> MATERIAL FOR THIS TASK
_ _ _ _

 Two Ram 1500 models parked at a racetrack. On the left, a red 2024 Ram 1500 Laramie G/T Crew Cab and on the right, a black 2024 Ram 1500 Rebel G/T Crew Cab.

_ _ _ _

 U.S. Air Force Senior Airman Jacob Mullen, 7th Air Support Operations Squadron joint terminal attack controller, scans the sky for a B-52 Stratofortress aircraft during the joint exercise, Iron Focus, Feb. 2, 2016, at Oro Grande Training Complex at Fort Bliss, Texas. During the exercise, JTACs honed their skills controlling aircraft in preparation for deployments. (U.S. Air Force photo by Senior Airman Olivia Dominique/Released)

_ _ _ _

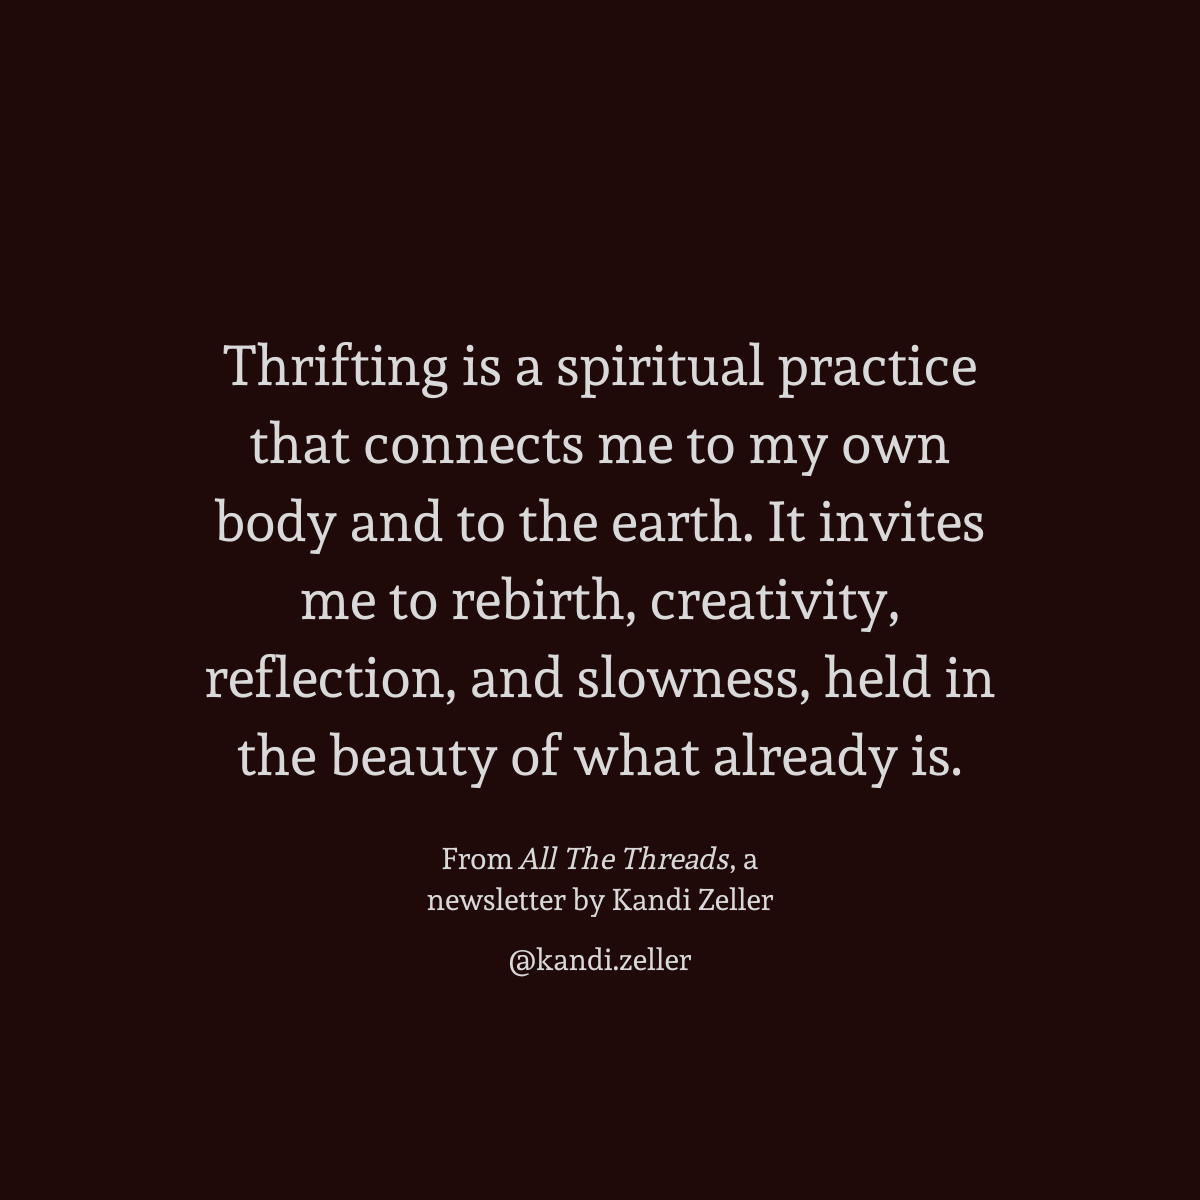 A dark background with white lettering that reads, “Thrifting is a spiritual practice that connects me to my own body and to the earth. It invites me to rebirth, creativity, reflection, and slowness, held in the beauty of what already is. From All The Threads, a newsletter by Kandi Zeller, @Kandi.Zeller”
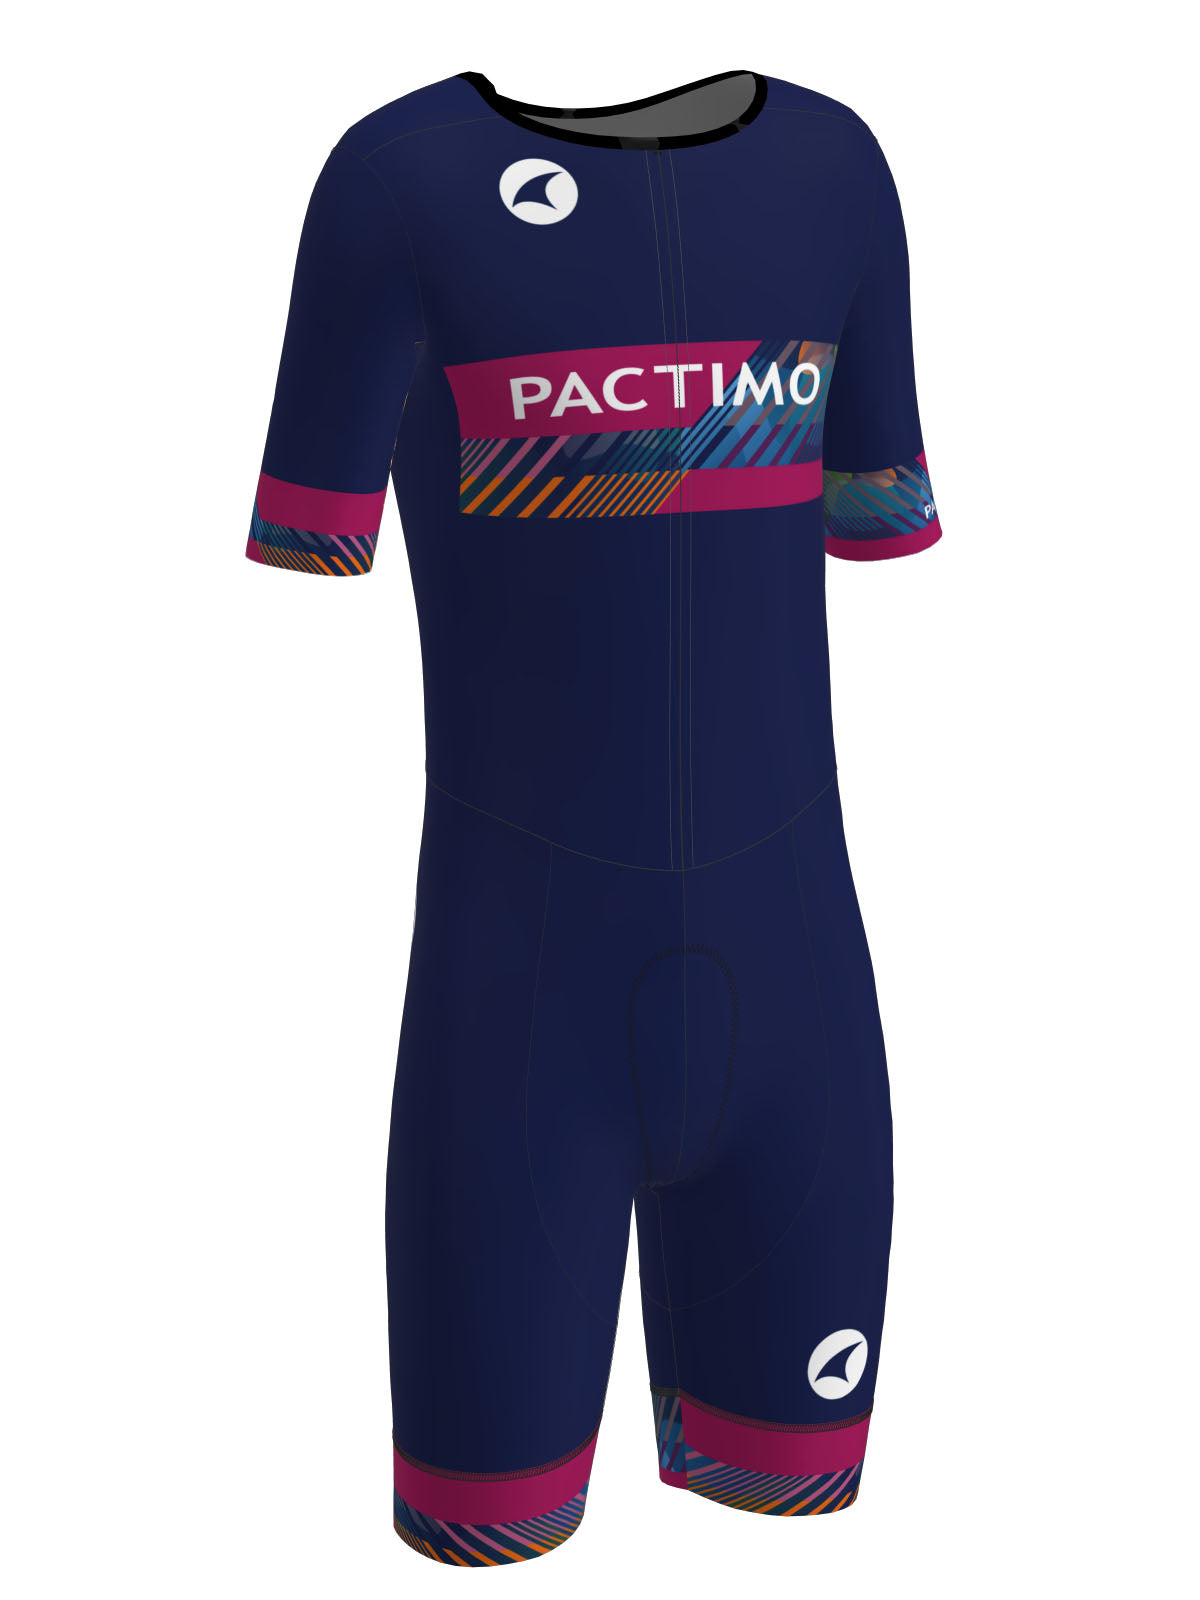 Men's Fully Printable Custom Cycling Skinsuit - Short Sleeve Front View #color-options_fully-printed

_ _ _ _

> WHAT TO DO
Using the material above, reproduce only the lines that run from the line with "A dark background" up to and including the line with "Men's Fully Printable", exactly, with the pictures dropped.

> ANSWER SECTION
 A dark background with white lettering that reads, “Thrifting is a spiritual practice that connects me to my own body and to the earth. It invites me to rebirth, creativity, reflection, and slowness, held in the beauty of what already is. From All The Threads, a newsletter by Kandi Zeller, @Kandi.Zeller”
 Men's Fully Printable Custom Cycling Skinsuit - Short Sleeve Front View #color-options_fully-printed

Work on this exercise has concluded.